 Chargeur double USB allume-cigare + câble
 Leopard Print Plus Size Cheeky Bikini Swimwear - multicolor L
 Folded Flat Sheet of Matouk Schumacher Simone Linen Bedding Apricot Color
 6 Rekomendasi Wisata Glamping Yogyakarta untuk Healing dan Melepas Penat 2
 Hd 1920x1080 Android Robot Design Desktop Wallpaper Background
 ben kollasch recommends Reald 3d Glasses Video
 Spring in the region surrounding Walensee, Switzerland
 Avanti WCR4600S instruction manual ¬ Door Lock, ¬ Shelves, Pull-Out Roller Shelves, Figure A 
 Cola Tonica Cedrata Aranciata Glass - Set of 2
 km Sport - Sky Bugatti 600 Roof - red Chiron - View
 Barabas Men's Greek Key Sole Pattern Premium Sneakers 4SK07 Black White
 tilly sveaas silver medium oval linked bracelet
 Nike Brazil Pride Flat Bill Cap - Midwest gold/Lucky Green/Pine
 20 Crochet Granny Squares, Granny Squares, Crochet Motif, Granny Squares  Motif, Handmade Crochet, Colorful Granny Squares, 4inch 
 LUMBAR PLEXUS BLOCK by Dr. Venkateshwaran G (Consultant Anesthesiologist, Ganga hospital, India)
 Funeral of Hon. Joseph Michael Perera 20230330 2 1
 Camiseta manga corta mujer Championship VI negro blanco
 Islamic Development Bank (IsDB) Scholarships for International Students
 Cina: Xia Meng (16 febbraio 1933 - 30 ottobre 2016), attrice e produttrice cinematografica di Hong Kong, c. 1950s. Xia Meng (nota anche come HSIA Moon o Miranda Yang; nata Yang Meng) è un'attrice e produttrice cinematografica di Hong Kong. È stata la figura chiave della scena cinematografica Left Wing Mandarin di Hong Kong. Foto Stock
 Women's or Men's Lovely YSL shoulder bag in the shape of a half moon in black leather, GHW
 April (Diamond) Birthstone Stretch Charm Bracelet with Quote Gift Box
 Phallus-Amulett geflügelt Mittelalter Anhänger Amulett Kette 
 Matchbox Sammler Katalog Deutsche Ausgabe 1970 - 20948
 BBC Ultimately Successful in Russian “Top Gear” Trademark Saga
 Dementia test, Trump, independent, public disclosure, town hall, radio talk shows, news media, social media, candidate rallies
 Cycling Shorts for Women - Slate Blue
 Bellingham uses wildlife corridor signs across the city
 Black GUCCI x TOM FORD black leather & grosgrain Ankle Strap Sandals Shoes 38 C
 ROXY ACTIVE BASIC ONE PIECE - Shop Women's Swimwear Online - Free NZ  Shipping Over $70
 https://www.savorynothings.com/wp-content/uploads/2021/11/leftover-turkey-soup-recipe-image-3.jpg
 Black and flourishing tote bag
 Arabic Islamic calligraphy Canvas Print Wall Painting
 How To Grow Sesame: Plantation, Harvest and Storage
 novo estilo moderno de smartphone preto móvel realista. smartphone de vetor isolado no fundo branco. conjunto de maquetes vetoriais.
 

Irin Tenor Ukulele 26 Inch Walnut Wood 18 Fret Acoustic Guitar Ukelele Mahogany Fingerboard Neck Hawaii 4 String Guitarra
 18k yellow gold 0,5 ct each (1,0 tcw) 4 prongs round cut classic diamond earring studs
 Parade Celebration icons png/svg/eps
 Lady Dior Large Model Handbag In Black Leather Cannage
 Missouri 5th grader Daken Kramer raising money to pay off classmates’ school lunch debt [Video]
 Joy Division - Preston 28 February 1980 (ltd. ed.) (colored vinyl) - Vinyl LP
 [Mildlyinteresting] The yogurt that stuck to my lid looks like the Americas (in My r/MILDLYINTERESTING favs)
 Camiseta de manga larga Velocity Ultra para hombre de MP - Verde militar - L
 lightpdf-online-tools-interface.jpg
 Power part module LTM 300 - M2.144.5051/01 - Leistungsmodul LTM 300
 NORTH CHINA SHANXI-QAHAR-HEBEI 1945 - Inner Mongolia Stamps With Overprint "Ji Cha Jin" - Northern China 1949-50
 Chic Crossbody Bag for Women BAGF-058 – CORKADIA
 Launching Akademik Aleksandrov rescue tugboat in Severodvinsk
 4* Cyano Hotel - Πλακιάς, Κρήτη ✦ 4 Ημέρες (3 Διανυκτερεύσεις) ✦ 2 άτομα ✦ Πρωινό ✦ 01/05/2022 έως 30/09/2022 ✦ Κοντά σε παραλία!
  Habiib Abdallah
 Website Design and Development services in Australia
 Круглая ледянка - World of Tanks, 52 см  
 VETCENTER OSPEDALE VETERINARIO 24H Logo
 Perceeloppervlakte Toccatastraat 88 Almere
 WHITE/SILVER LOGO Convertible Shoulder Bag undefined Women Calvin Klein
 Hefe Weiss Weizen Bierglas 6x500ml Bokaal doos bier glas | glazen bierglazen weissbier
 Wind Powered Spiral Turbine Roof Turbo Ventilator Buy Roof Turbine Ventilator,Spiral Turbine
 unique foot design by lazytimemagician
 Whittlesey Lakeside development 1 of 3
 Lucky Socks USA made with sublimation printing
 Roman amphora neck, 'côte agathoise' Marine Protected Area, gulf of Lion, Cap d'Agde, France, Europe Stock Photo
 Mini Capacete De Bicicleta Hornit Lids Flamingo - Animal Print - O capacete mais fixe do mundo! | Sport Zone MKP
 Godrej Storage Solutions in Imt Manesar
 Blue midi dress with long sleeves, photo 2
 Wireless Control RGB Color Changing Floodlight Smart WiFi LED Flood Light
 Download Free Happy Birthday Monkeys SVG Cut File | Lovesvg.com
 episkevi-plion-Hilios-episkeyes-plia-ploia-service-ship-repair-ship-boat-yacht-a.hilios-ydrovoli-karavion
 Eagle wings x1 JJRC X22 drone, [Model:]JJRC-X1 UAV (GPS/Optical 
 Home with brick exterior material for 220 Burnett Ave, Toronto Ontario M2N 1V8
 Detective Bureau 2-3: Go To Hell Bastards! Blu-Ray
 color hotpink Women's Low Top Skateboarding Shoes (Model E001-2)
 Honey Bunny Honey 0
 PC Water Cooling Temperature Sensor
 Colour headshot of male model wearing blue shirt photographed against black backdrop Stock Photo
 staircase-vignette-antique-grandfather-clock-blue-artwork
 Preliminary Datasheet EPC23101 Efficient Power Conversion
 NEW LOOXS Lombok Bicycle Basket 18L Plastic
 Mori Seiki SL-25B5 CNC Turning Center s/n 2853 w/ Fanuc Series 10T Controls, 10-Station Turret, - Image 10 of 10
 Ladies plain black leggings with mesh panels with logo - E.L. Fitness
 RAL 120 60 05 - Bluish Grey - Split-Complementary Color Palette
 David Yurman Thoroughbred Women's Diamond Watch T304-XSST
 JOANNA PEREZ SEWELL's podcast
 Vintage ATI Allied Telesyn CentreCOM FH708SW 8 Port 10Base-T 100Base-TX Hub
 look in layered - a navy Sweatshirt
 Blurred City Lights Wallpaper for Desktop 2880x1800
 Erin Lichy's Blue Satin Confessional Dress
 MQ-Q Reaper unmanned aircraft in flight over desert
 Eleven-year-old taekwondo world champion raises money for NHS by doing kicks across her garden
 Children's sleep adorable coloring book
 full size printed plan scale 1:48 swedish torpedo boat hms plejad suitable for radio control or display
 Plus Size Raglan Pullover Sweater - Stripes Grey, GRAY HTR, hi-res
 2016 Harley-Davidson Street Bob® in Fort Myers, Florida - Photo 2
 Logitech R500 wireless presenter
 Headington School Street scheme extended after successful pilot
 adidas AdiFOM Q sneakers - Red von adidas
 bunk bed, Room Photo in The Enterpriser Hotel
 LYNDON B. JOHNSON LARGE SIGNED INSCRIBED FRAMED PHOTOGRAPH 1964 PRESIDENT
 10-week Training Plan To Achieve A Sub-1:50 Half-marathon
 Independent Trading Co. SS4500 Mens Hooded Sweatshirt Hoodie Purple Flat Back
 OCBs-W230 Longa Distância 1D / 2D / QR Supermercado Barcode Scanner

-.-.-

▸ **Work item**:
Please transcribe the data above without changes, from its first line to its "tilly sveaas silver" line, and leave out anything past that.

▸ **Answer**:
 Chargeur double USB allume-cigare + câble
 Leopard Print Plus Size Cheeky Bikini Swimwear - multicolor L
 Folded Flat Sheet of Matouk Schumacher Simone Linen Bedding Apricot Color
 6 Rekomendasi Wisata Glamping Yogyakarta untuk Healing dan Melepas Penat 2
 Hd 1920x1080 Android Robot Design Desktop Wallpaper Background
 ben kollasch recommends Reald 3d Glasses Video
 Spring in the region surrounding Walensee, Switzerland
 Avanti WCR4600S instruction manual ¬ Door Lock, ¬ Shelves, Pull-Out Roller Shelves, Figure A 
 Cola Tonica Cedrata Aranciata Glass - Set of 2
 km Sport - Sky Bugatti 600 Roof - red Chiron - View
 Barabas Men's Greek Key Sole Pattern Premium Sneakers 4SK07 Black White
 tilly sveaas silver medium oval linked bracelet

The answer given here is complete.